At WDCD Timo de Rijk gave his inaugural lecture as professor of Design, Culture and Society at the Universities of Leiden and Delft. For the occasion a long row of faculty members in black gown had entered the theatre hall together with the university’s beadle.

‘One of the constant values in our culture is the predilection for change,’ De Rijk told his audience. ‘This future-oriented approach with a perpetual motion of change has penetrated deep into design practice, into design education and the practice of design history.

However, ‘unlike architecture or the visual arts, the discourse of design is hardly based on history,’ De Rijk continued. In fact, instead of a future determined by history, in design it is the other way around: ‘The way in which history is written depends on how the future is presented or envisaged. And that is the only form of historiography on which designers appear to focus: that of historical legitimation.’

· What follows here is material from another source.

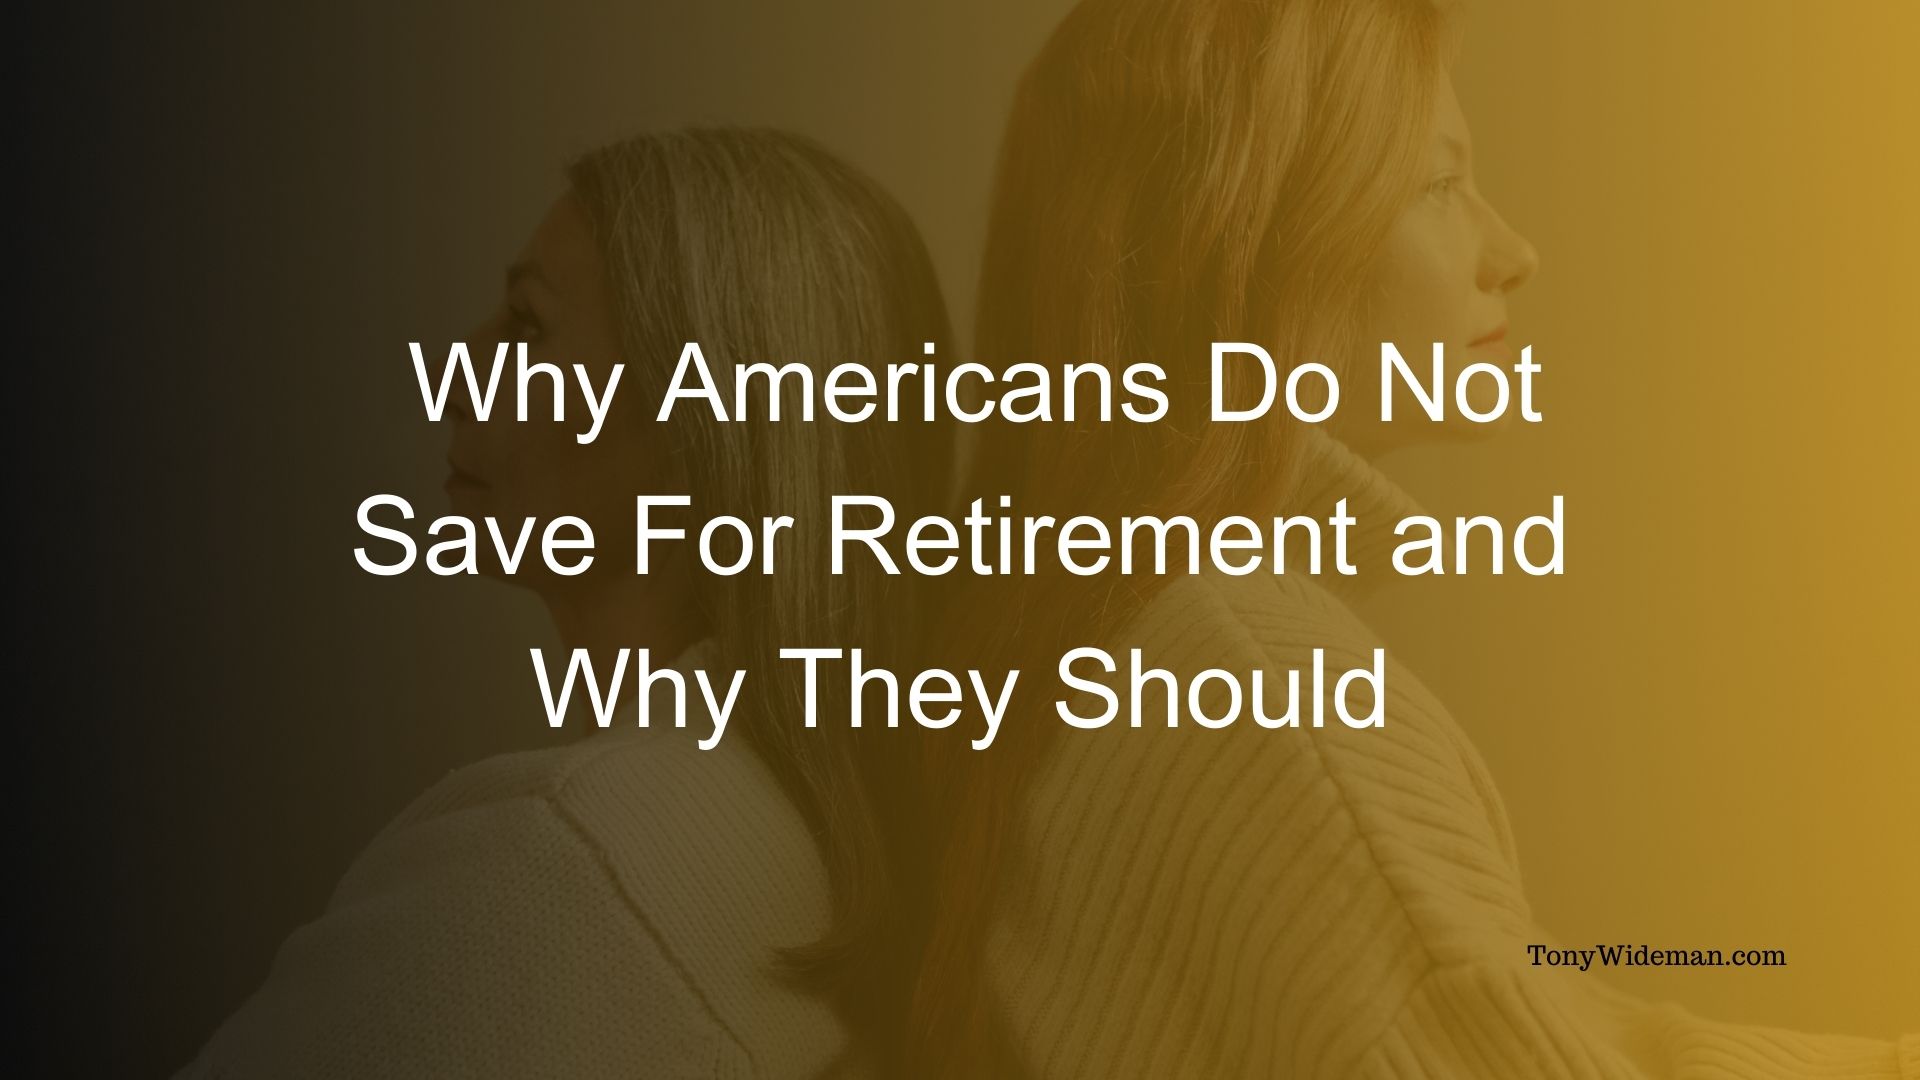 Why Americans Do Not Save For Retirement and Why They Should

But the future sometimes takes its own course, and needs constant redefinition and response. This is what sociologist Zygmunt Bauman has called liquid modernity, and for long designers and institutions for design education have not been able to cope with this.

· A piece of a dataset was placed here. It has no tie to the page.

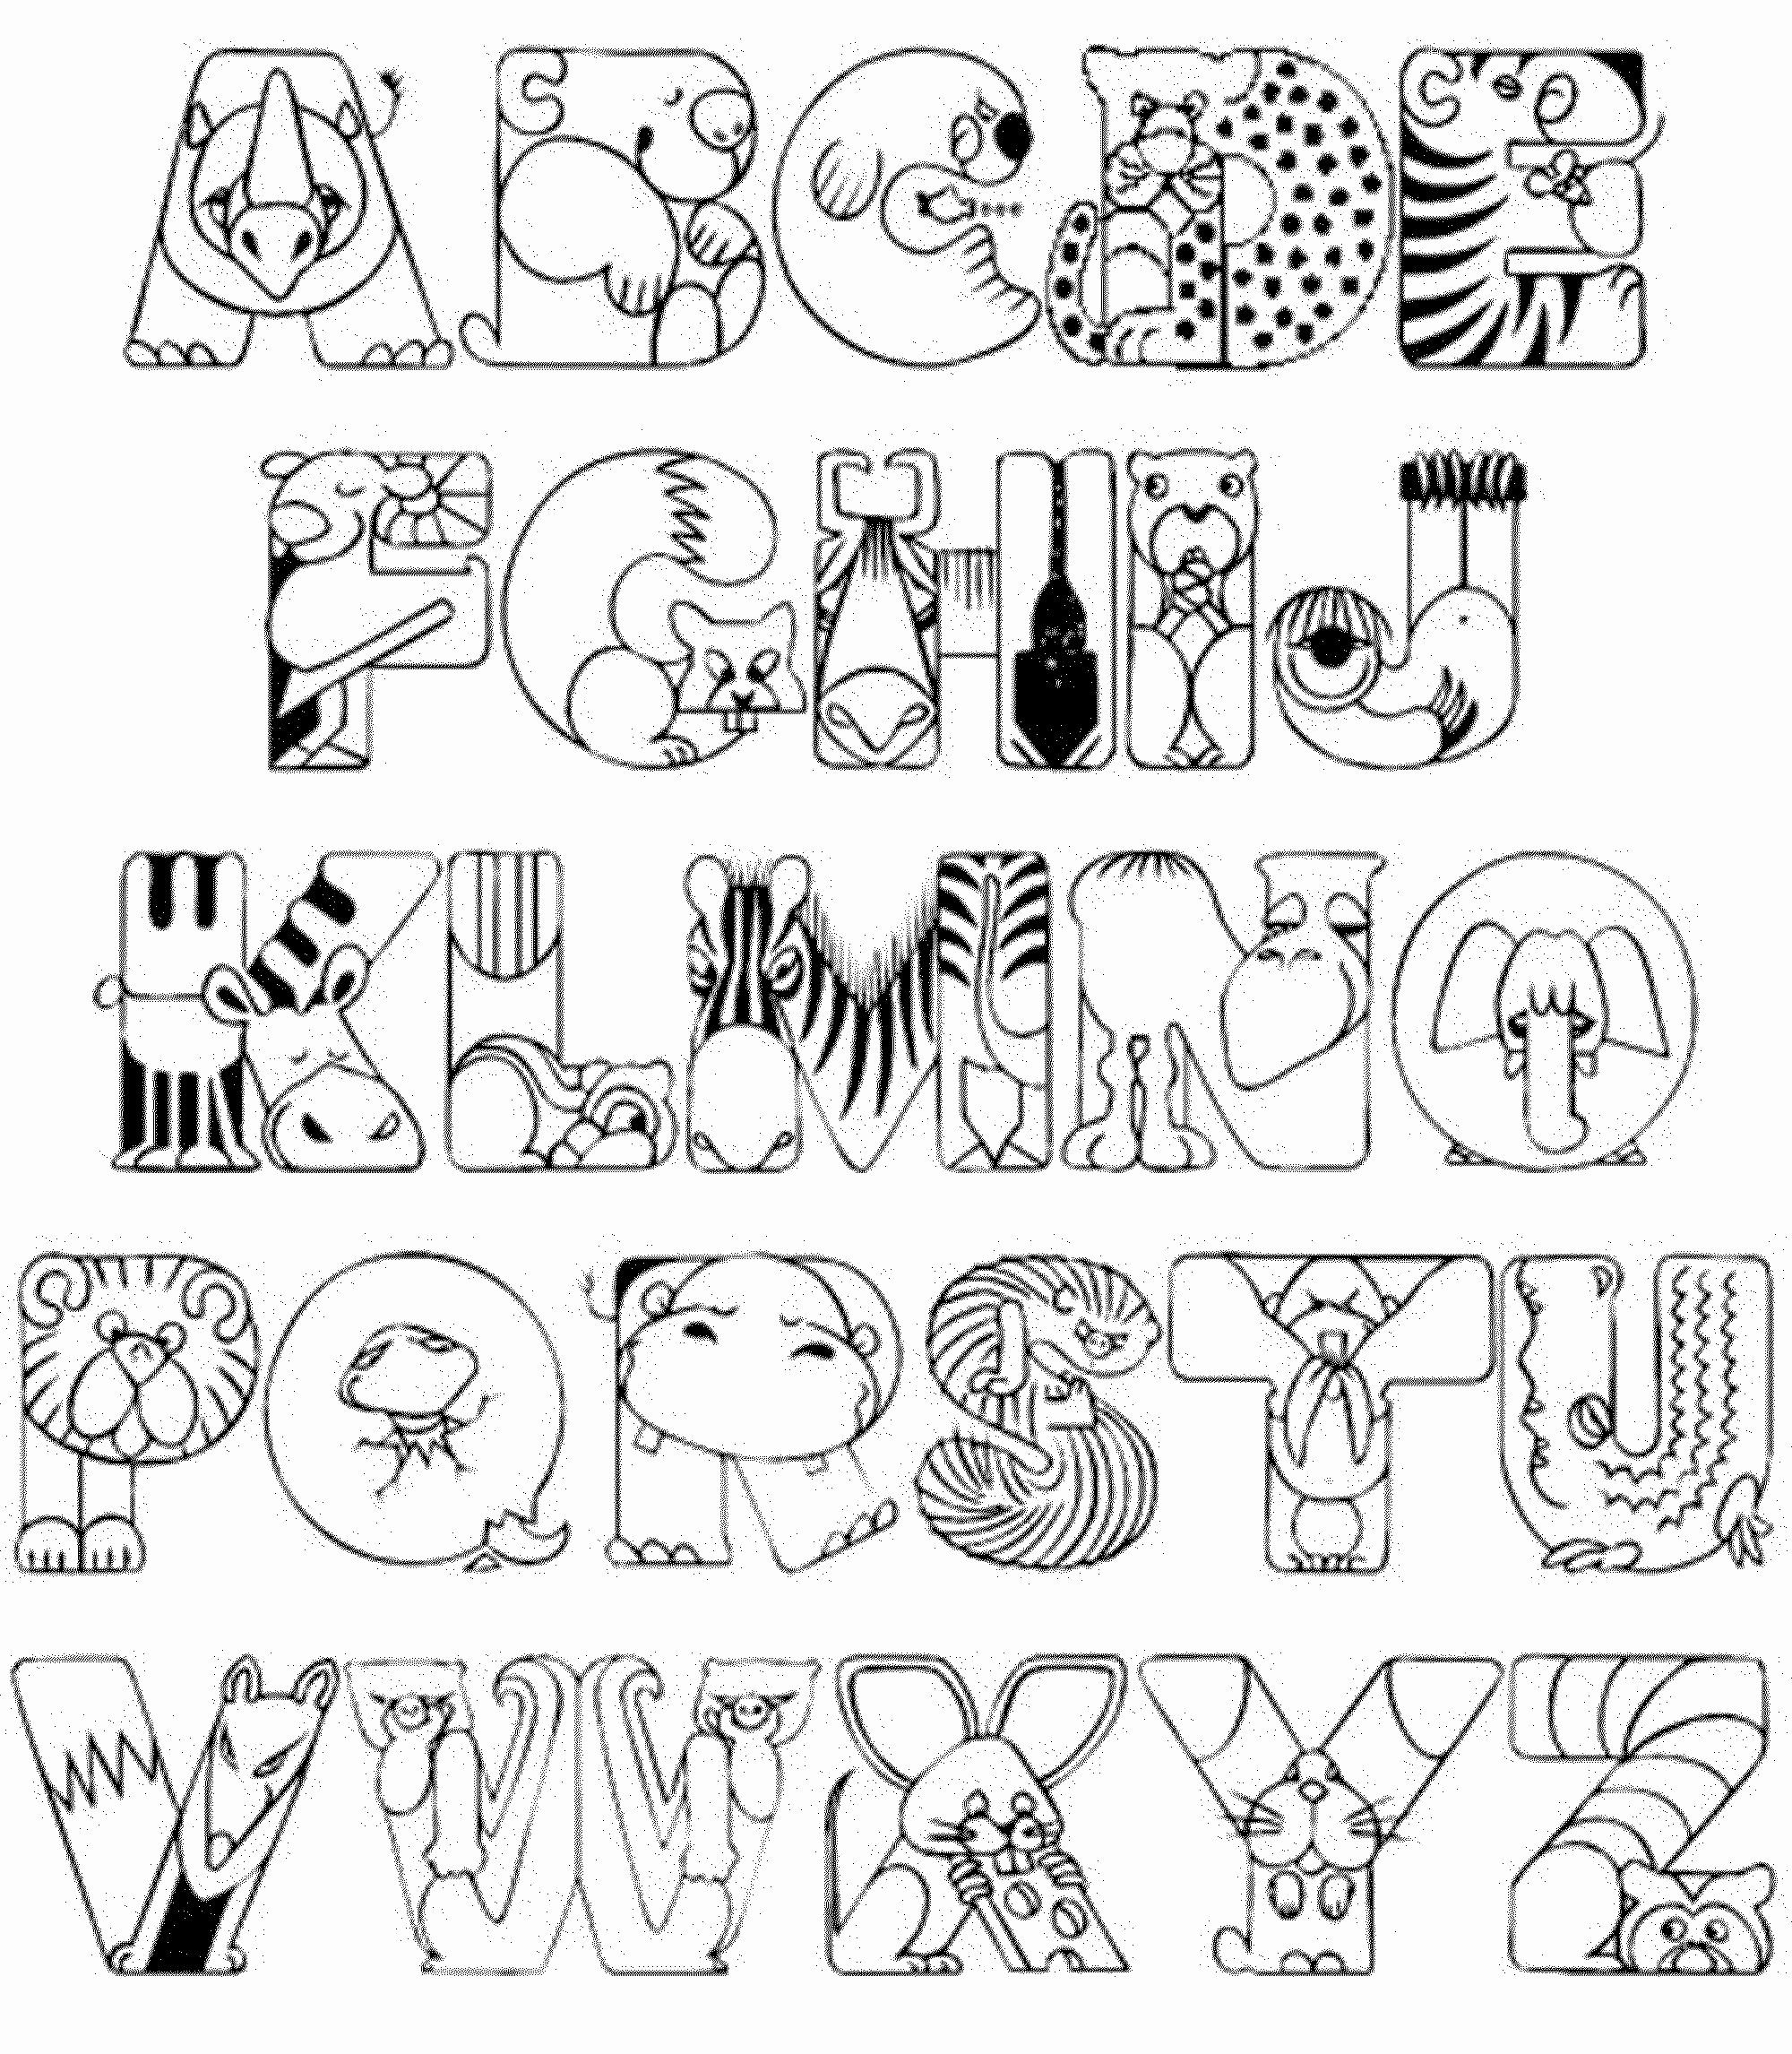 coloring sheetstable tag outstanding free alphabet tracing worksheets kids activity the for and an prep samsfriedchickenanddonuts coloring home

‘Even today, the field of design lacks a form of critical debate,’ De Rijk said. In his vision the most important thing the Chair of Design, Culture & Society can contribute to the design world is self-reflection, based on historical knowledge and critical cultural analysis.

‘In the first place, the expertise of the Art History department in Leiden can serve as the basis for a resumed academic study of historical modernisation processes and a critical examination of the role of design and the designer in the world. The work of the department at Delft will enable Leiden, in turn, to form a much more accurate picture of the practice, discussions and ambitions in today’s world of design,’ De Rijk ended.